Rated working pressure for flange according to ASME B16.5-2003

[Berto57]

The following is explain in Annex B of ASME B16.5-2003

Flange characteristics:
12’’ 600# in A182 Gr. F53 (Group n°2 material)


Conditions:
Internal Design pressure = 84,8 bar (not relevant for the calculation)

Design Temperature = 204°C (approx. 400°F)
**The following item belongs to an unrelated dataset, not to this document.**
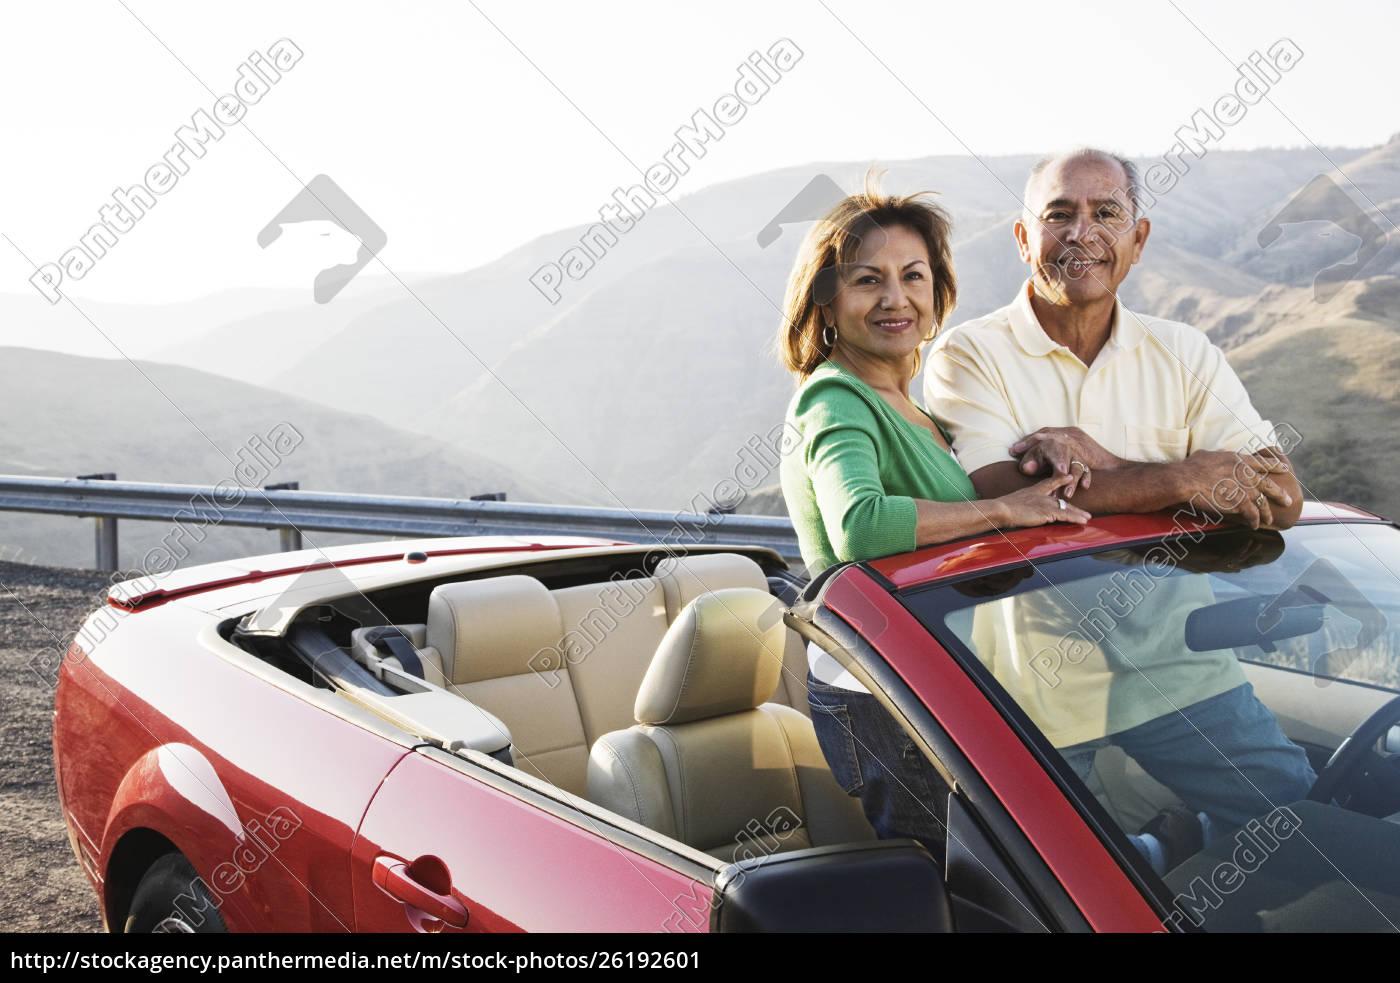 a, hip, senior, hispanic, couple, on - 26192601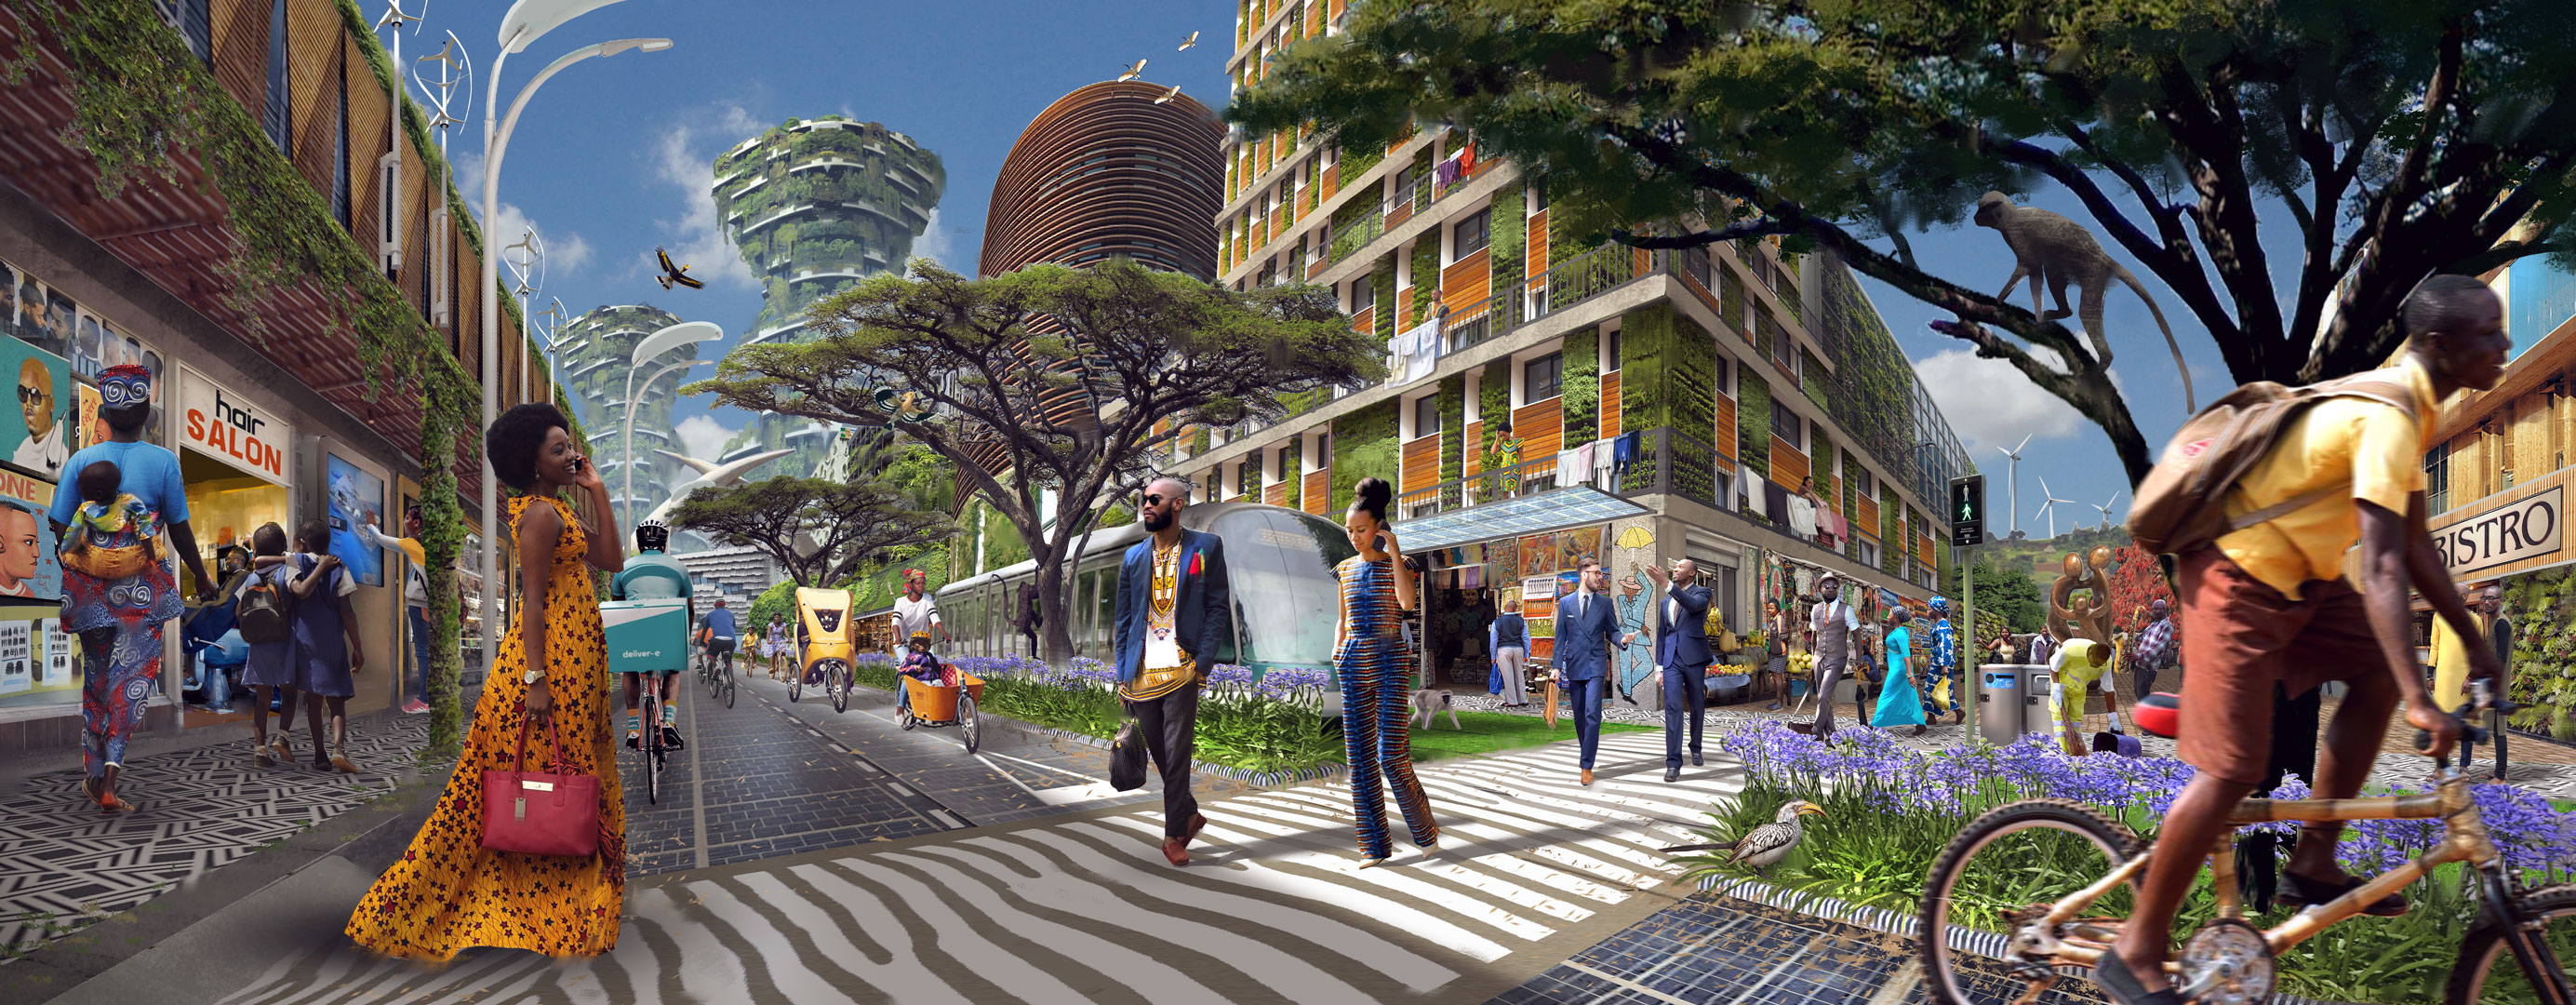 Afrikaanse alternatieven Post-Fossil City Contest

Test temperature = 20°C (approx. 68°F)


By applying the formula (3) from ASME B16.5-2003 Annex B:
Pc = 97,2 barg (1410 psig)

Pr = 600 psi

S1 =minimum of the following (Group 2 material)

· 70% of Yield Strength at 100°F (40°C) = 0,7 x 80,06 = 56 ksi

· 70% of Yield Strength at T (204°C) = 0,7 x 60,82 = 42,6 ksi

· 1,25 times the allowable stress at T (204°C) = 1,25 x 30,17 = 37,7 ksi

Therefore, S1 = 37,7 ksi


Then PT = 600 x 37700 / 8750 = 2585 psig


Our problem is then: PT is not below Pc.


The table 2-2.8 gives the value we should find: we should find 1230 psig @ 400°F. Where is our mistake?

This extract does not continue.